We do not intentionally collect special categories of data (GDPR Art. 9). We do not conduct automated decision-making that produces legal or similarly significant effects (GDPR Art. 22).
3) Purposes & legal bases (GDPR Art. 6)
| Purpose | Data | Legal basis |
|---|---|---|
| Deliver waitlist/newsletter emails | Email, consent | Consent (Art. 6(1)(a)); alternatively Contract when you request the free kit (Art. 6(1)(b)) |
| Run the Site & prevent abuse | Technical logs, IP (short-term) | Legitimate interests in operating a secure service (Art. 6(1)(f)) |
| Analytics & product improvement | Event data, UTM, session info | Consent (Art. 6(1)(a)) via cookie banner |
| Attribution/measurement | UTM, first/last touch source | Consent (Art. 6(1)(a)) |
| Respond to inquiries | Email content, metadata | Legitimate interests in customer support (Art. 6(1)(f)) |
| Legal compliance | Records necessary under law | Legal obligation (Art. 6(1)(c)) |
You can withdraw consent at any time (see Section 9).
4) Where data comes from
- Directly from you (forms, emails).
- From your browser (referrer, UTM parameters, device data).
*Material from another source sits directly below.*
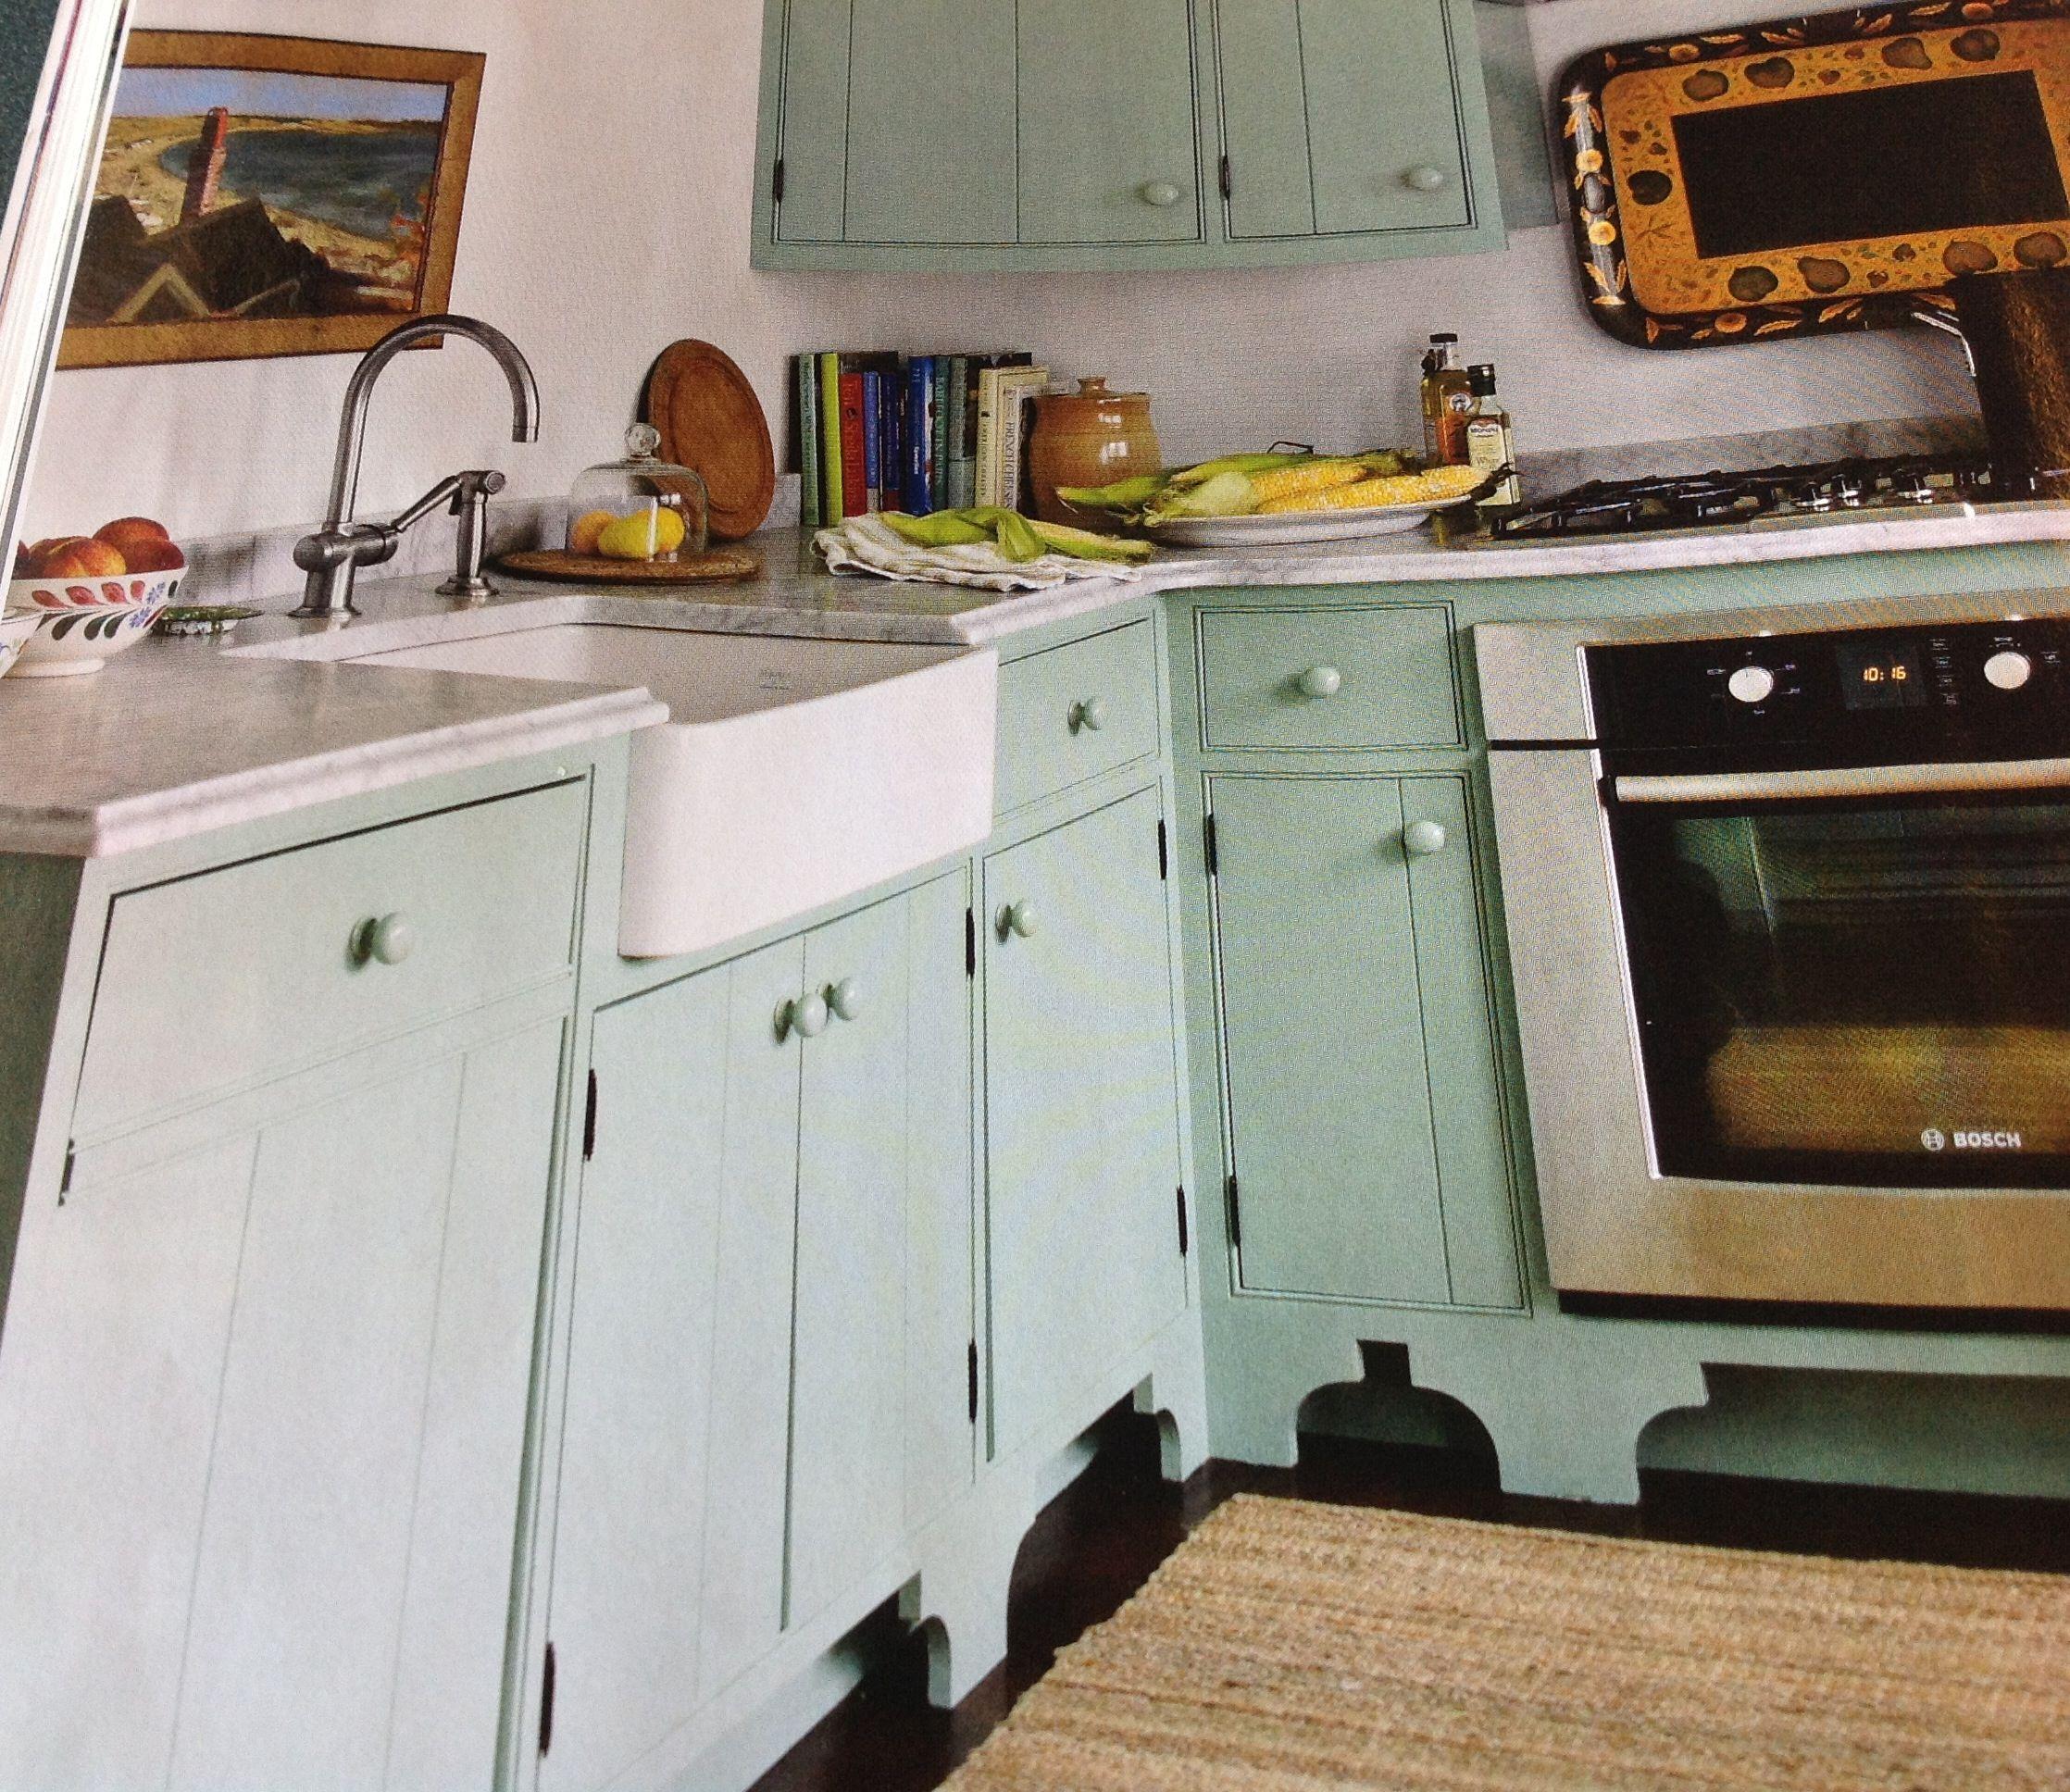 Aqua cabs | Kitchen cabinets, Home decor, Kitchen
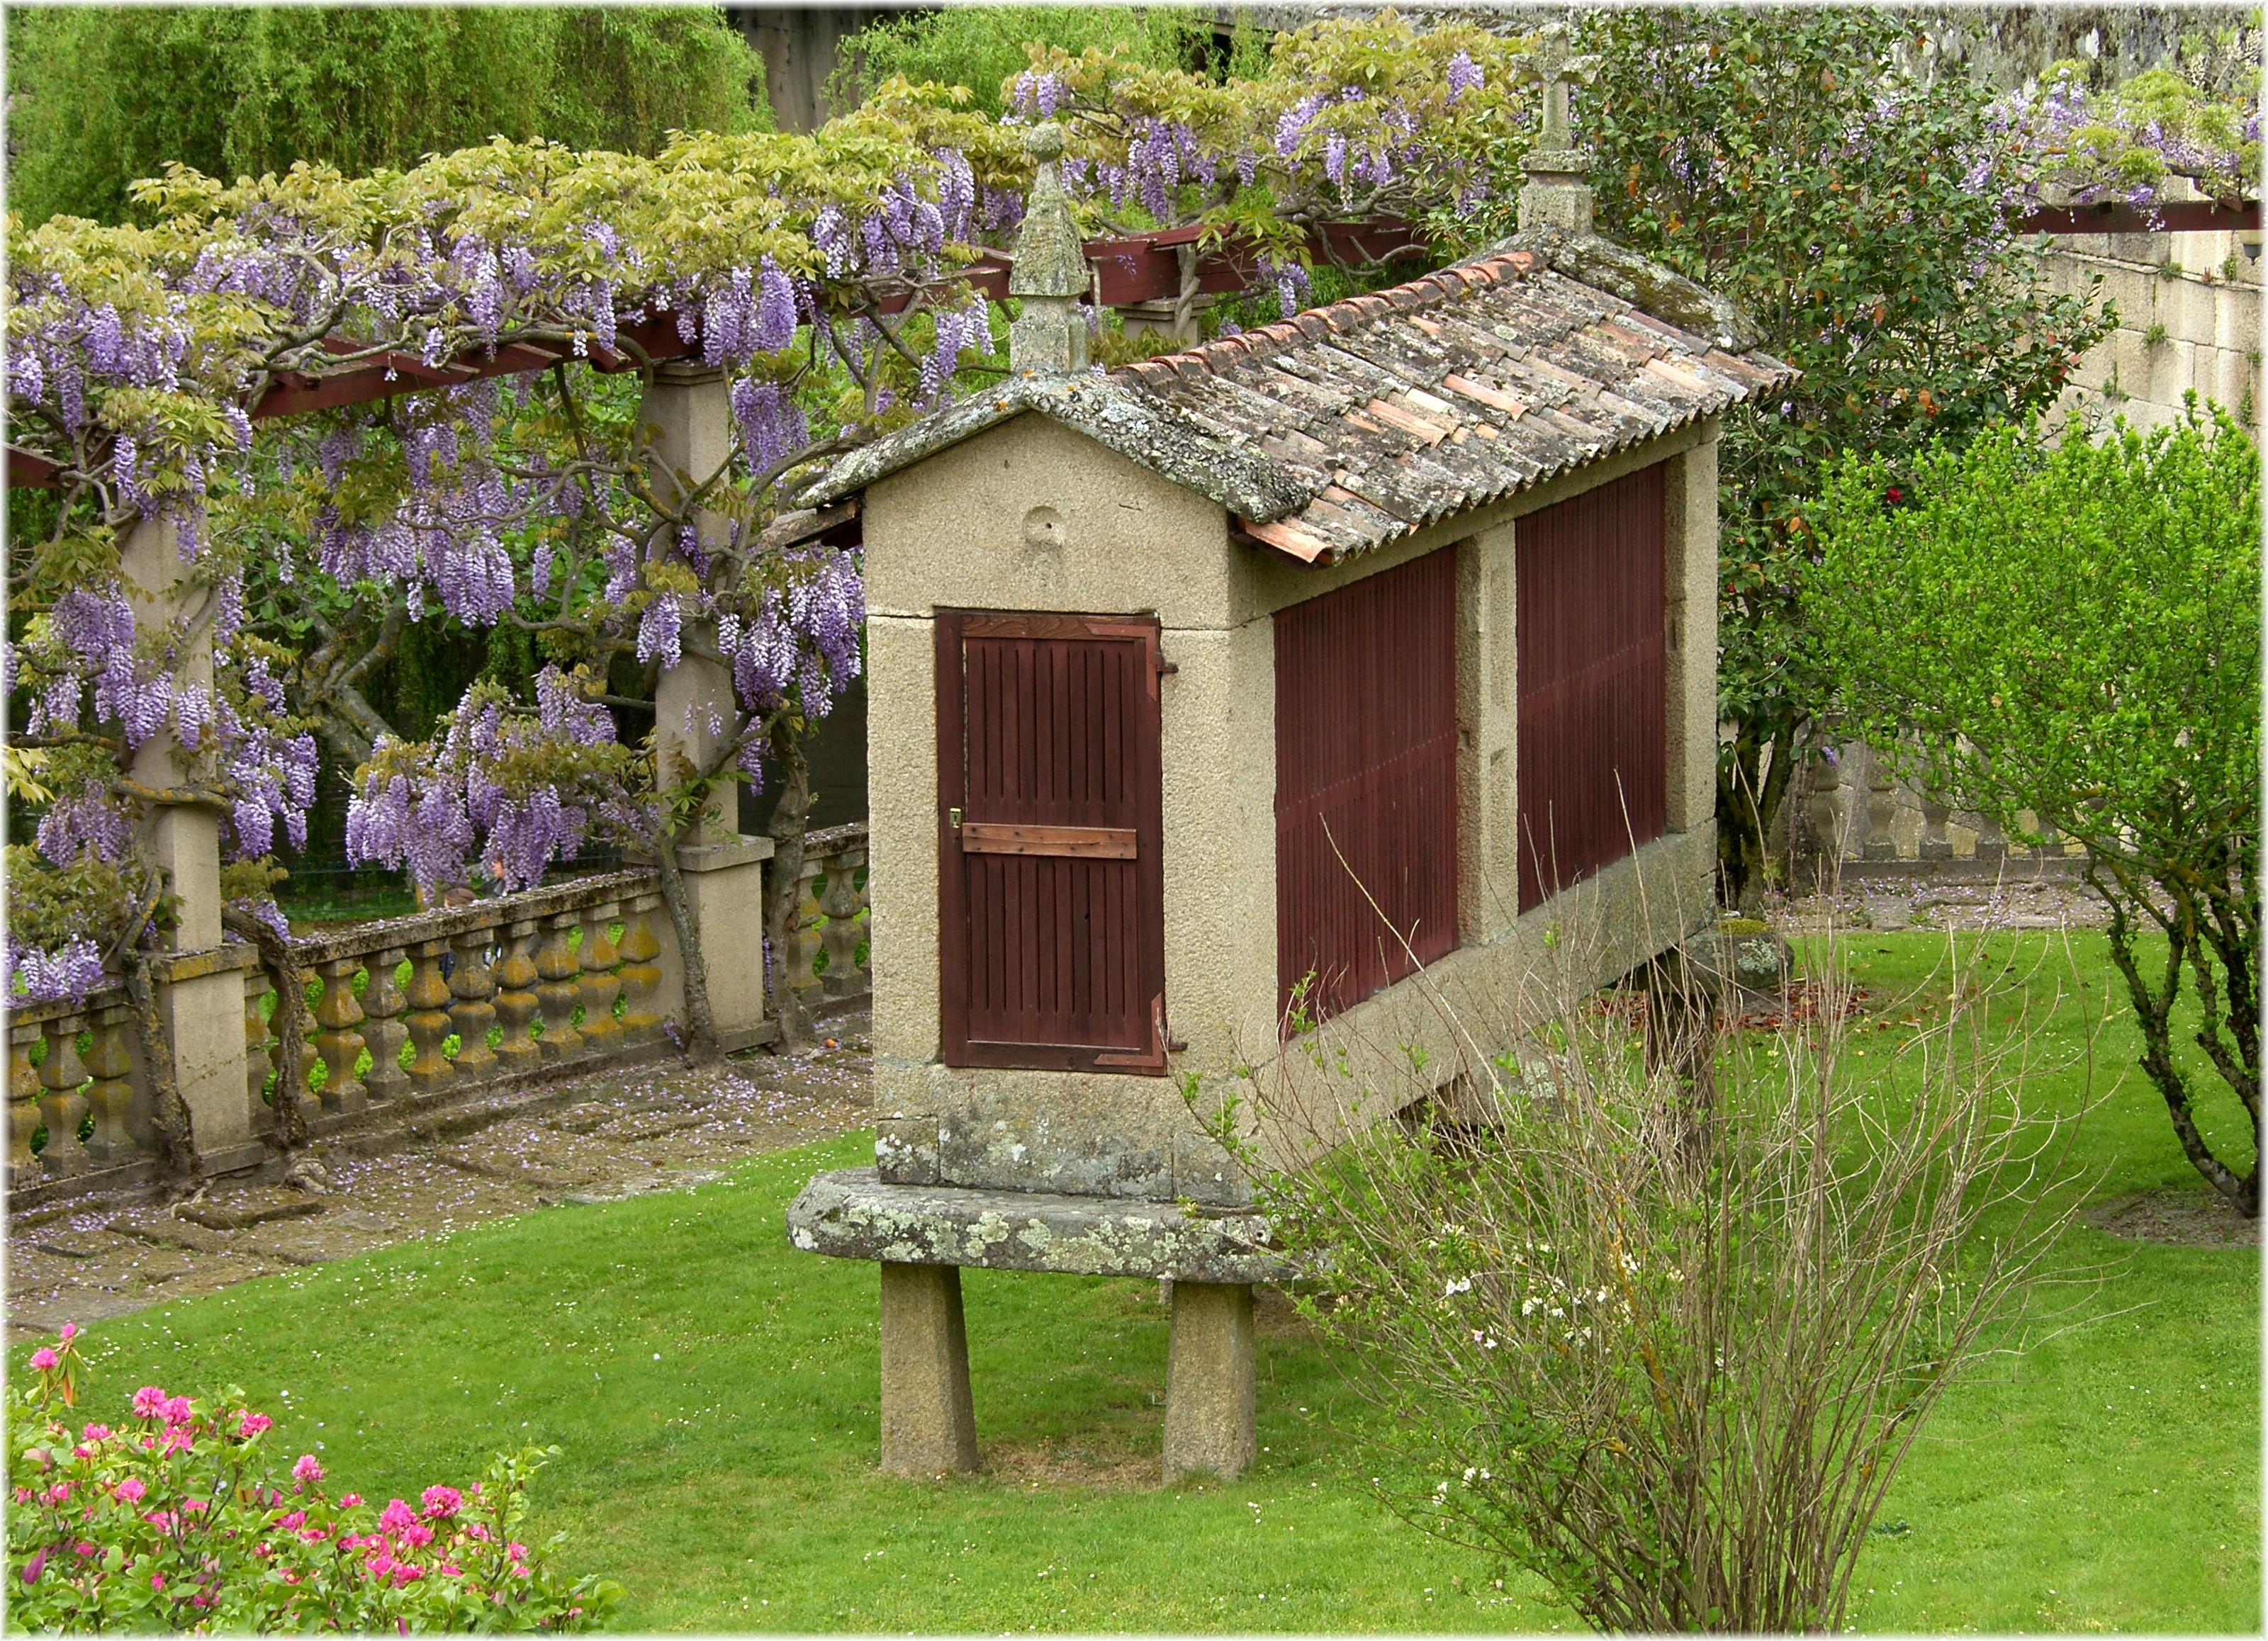 Casas piedra galicia antigua casa de campo en galicia - Casas de piedra galicia ...

- From our processors listed in Section 6 (e.g., email platform reporting opens/clicks).
5) Retention
- Email list data: until you unsubscribe or request deletion.
- Analytics events: typically 14 months (or shorter if configured).
- Server/edge logs: typically ≤ 30 days, unless needed to investigate security issues.
- Support emails: up to 24 months after last contact, unless deletion is requested.
We may anonymize/aggregate data for longer-term trend analysis.
6) Processors & data sharing
We use trusted processors to operate the Site. Each processes data solely on our behalf and under a contract (GDPR Art. 28).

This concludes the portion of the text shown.